Review of Meek's Cutoff (2011) by Marc L — 13 Feb 2012
Avant que la conquête de l'Ouest ne puisse livrer son quota de desperados et d'attaques de diligence, il a bien fallu le créer, cet "Ouest". Et ce sont d'humbles pionniers qui s'en chargèrent durant la première moitié du 19ème siècle.
C'est de ce fait historique que traite "La dernière piste", de trois familles qui, en essayant de rejoindre l'Orégon à travers les steppes de l'ouest, empruntent un supposé raccourci conseillé par le trappeur qui les accompagne, s'égarent et capturent un Peau-Rouge, ennemi mortel de l'homme blanc mais aussi - peut-être - unique possibilité de sortir vivant de la steppe.

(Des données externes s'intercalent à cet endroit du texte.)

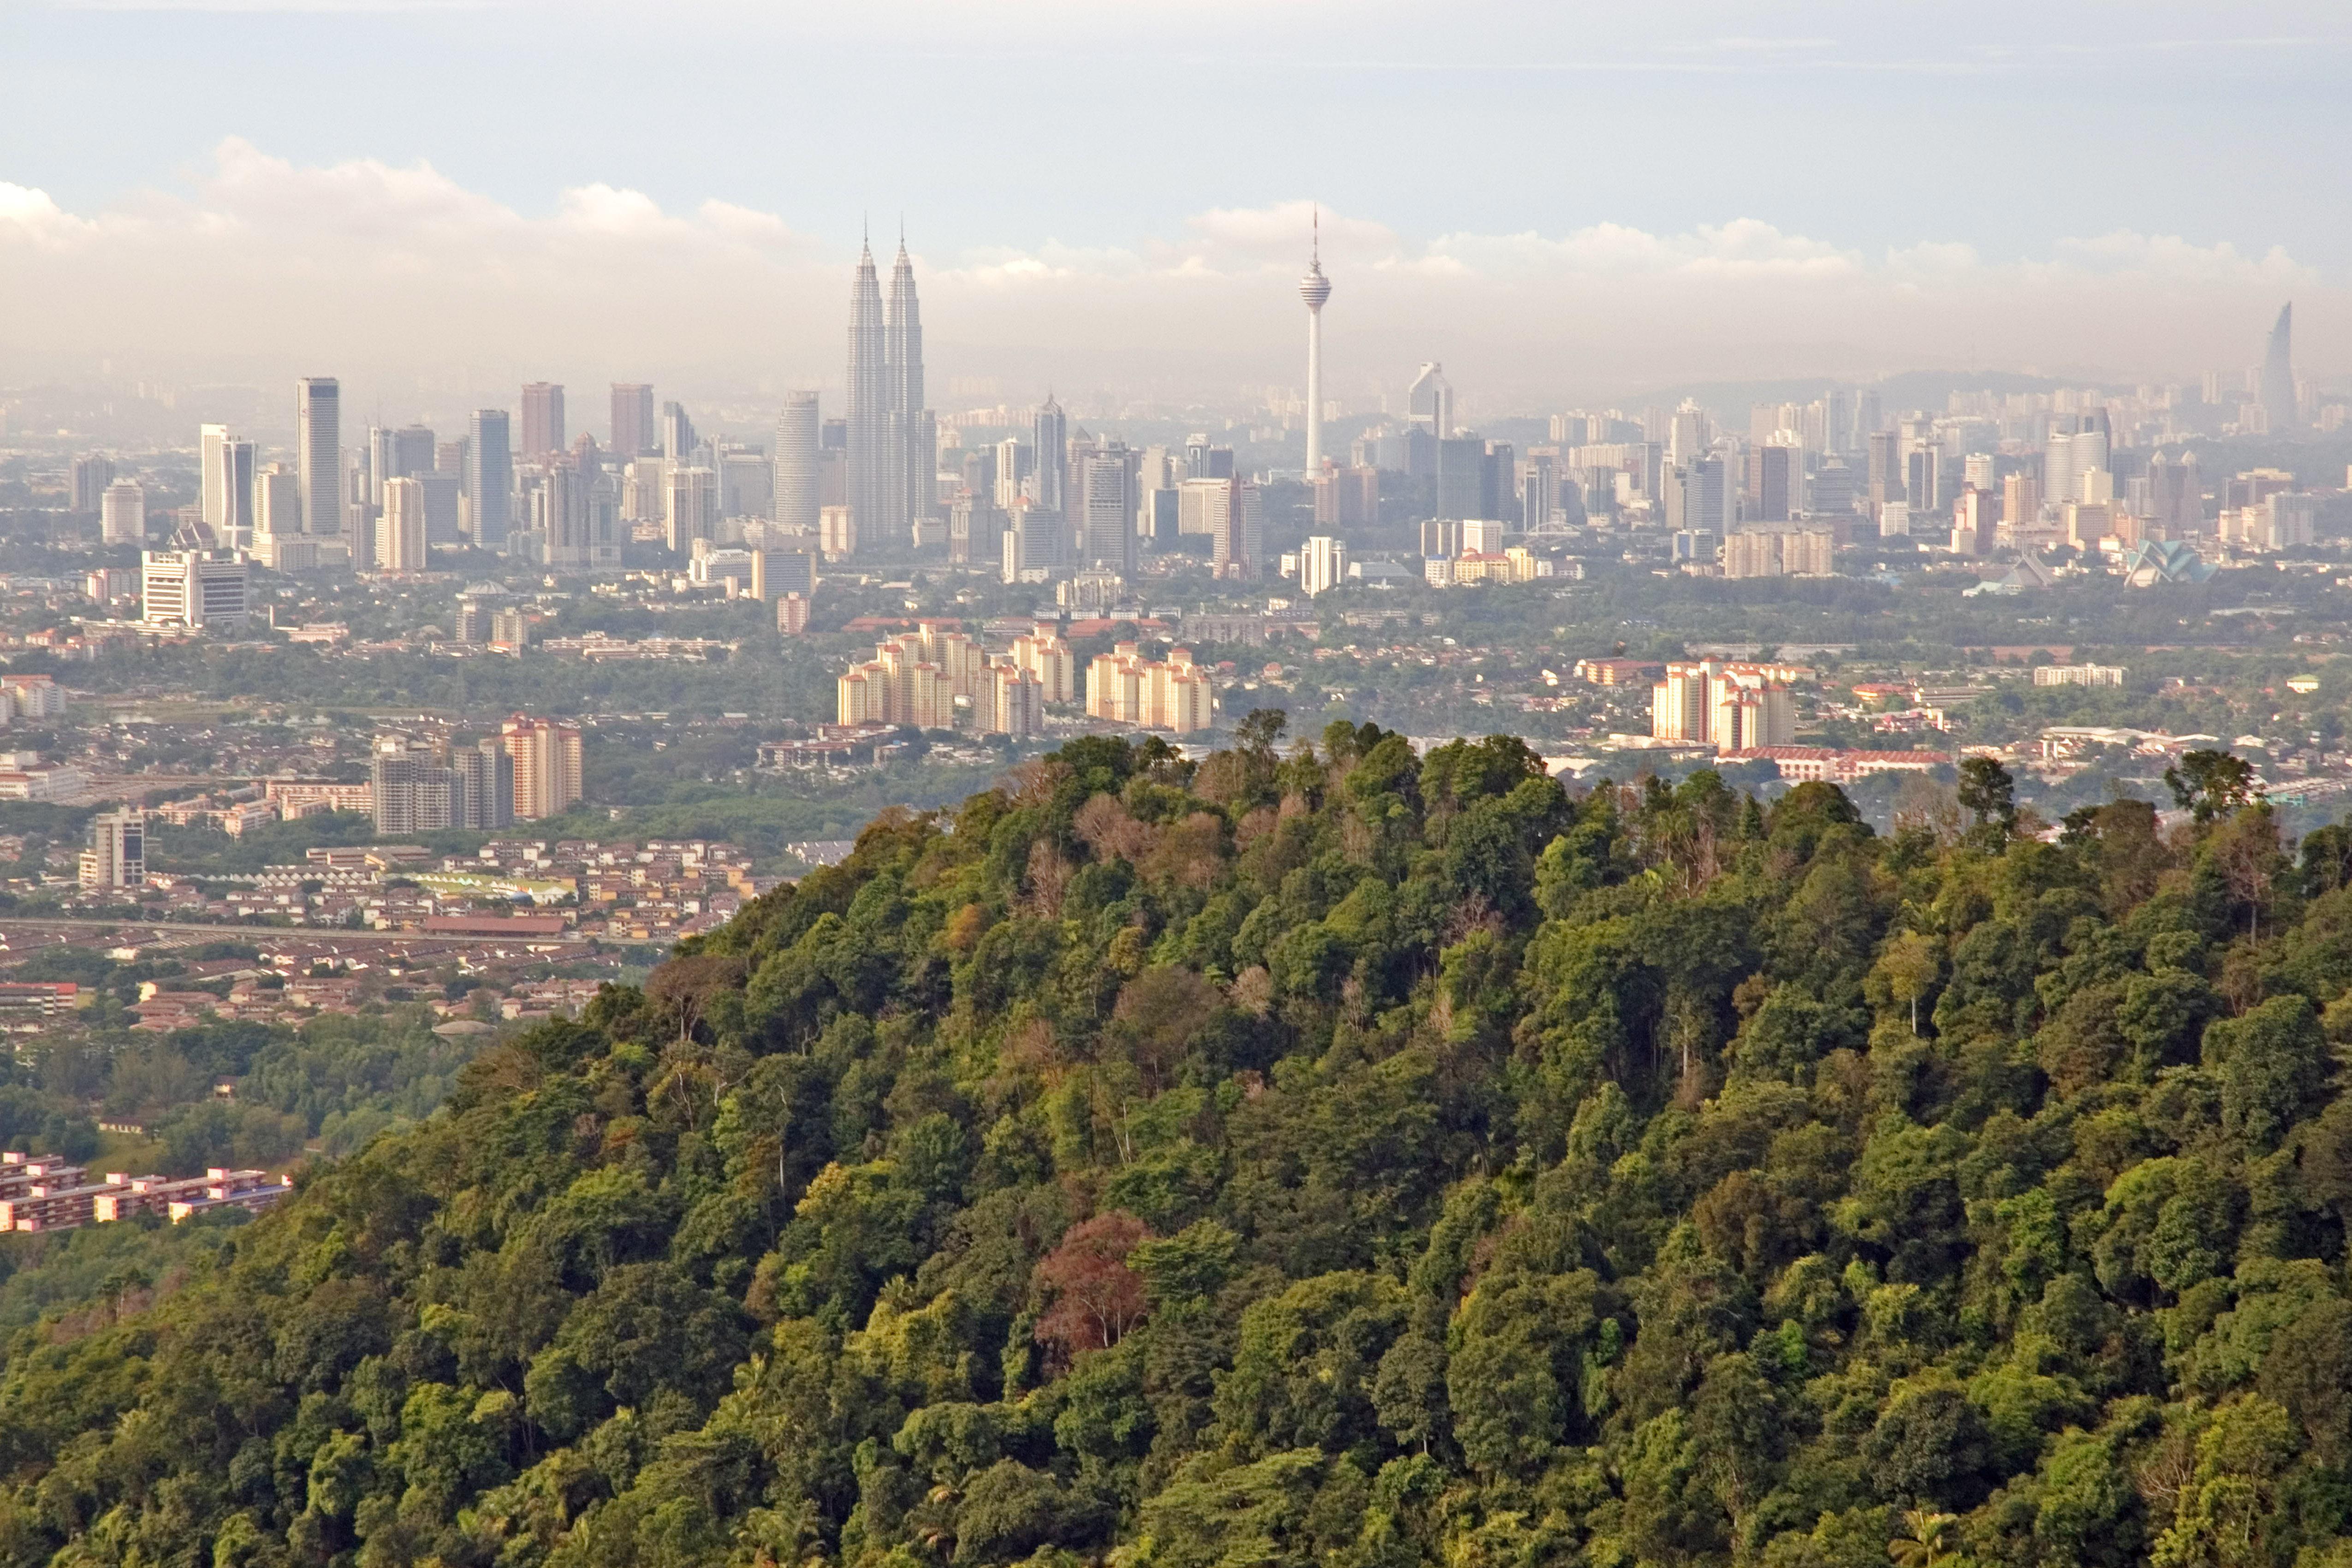 Natural vs Concrete Jungle a view of Kuala Lumpur from Bukit Tabur quartz ridge

Voilà donc un "Western" - comment voulez-vous l'appeler autrement ? - qui prend le concept même du Western à rebrousse-poils. Pas de règlements de compte à Ok Corall, pas de chevauchée fantastique ou de train qui sifflera trois fois : la réalisatrice préfère s'attarder sur le banalité des actes du quotidien (coudre, faire du feu, manger, lire la bible,.

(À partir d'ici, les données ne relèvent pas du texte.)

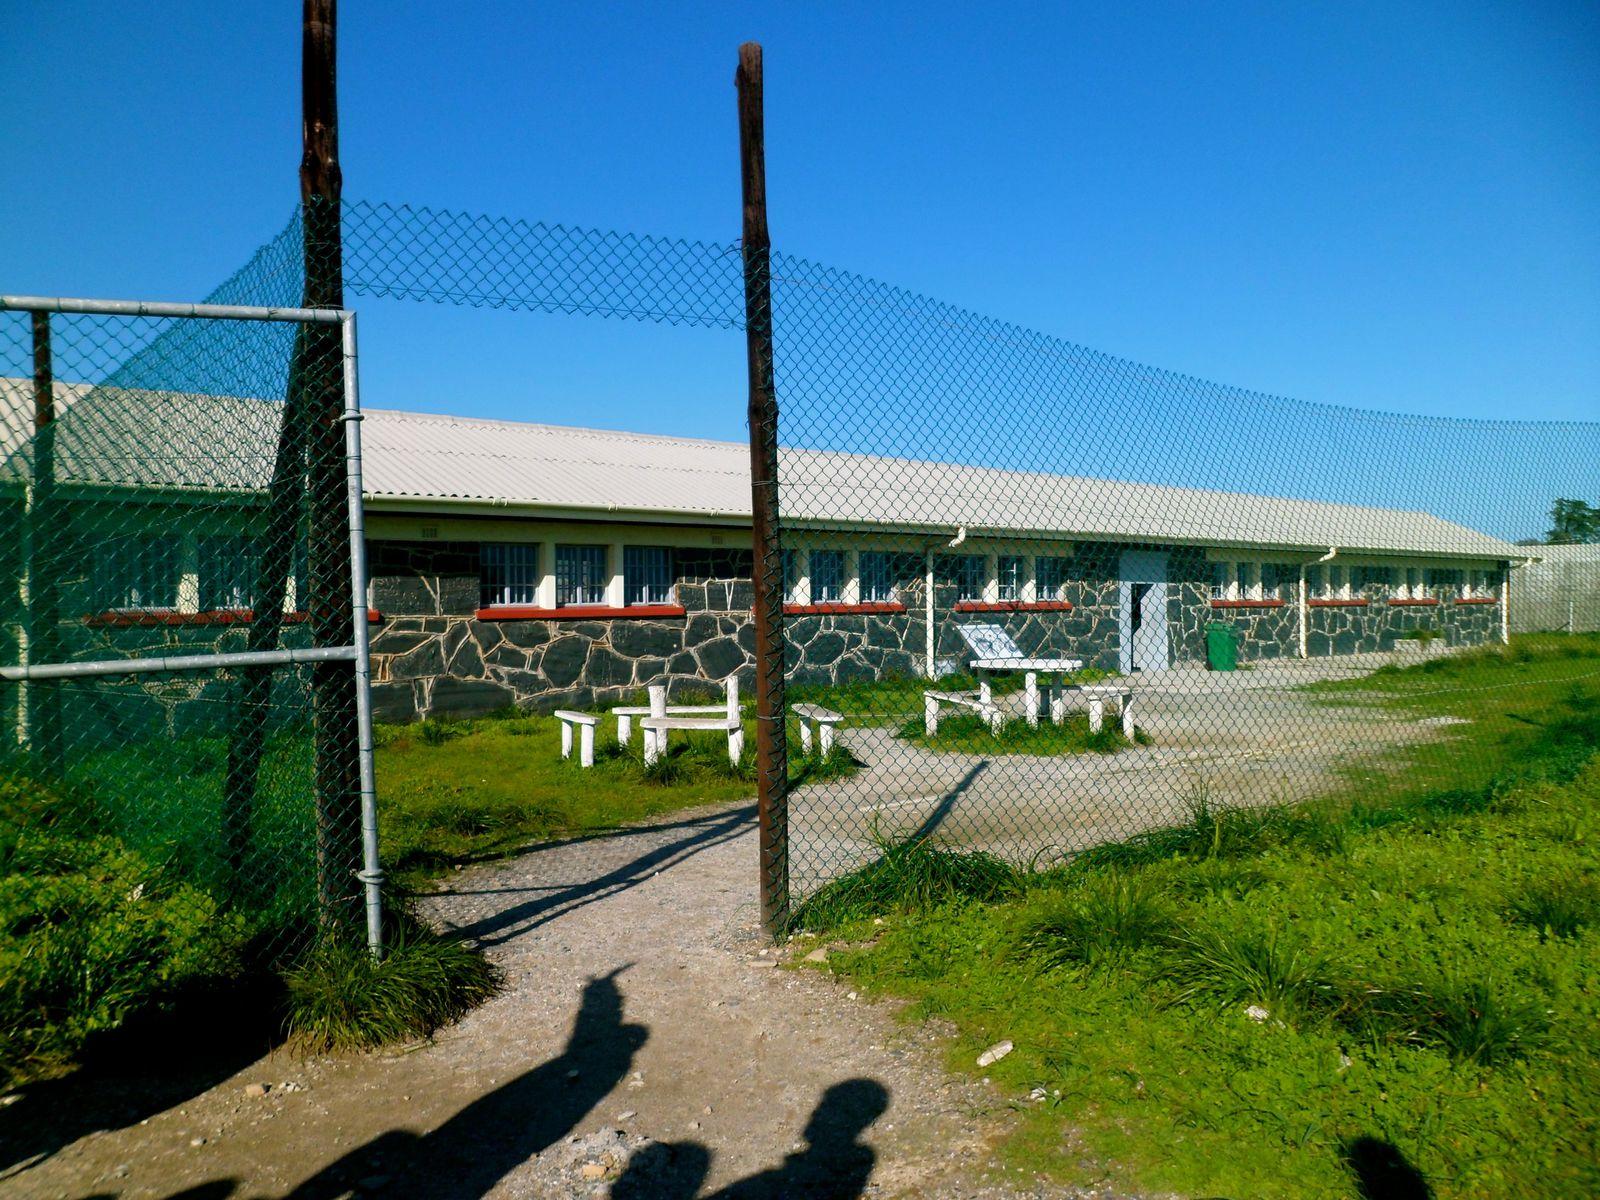 Choses à faire à Cap Town

..), les enjeux les plus brûlants de l'odyssée concerneront la recherche d'un point d'eau ou la descente périlleuse d'un talus en chariot bâché, tandis que les traditionnelles figures viriles et héroïques, toujours prêtes à jouer du colt, se trouvent totalement démunies face à l'adversité.
Ce sont les femmes, d'ordinaire réduites au rang de faire-valoir dans les western à l'ancienne, qui détiennent éventuellement la solution. Non pas par leur tolérance innée - elle reste toute relative vis-à-vis de l'Indien - mais par leur capacité à s'adapter à l'imprévu et au renversement des valeurs établies.
Tout cela dans une atmosphère plombée, crépusculaire et davantage tourné vers la réflexion intérieure que vers l'action. Vision très personnelle d'un genre cinématographique aujourd'hui centenaire, "La dernière piste" réclame que le spectateur adopte un point de vue centré sur les personnages et néglige toute vision globale, qu'elle soit contextuelle ou géographique, à l'instar du type de prise de vue privilégié par Kelly Reichart (pas de CinemaScope, les paysages semblent dès lors plus "reserrés"), à l'opposé du format en vigueur dans les Western.
Voilà donc un pari cinématographique audacieux et, dans un certain sens, réussi...mais pour être allé au bout de sa vision artisitque, le film, lui, reste malheureusement fort ennuyeux.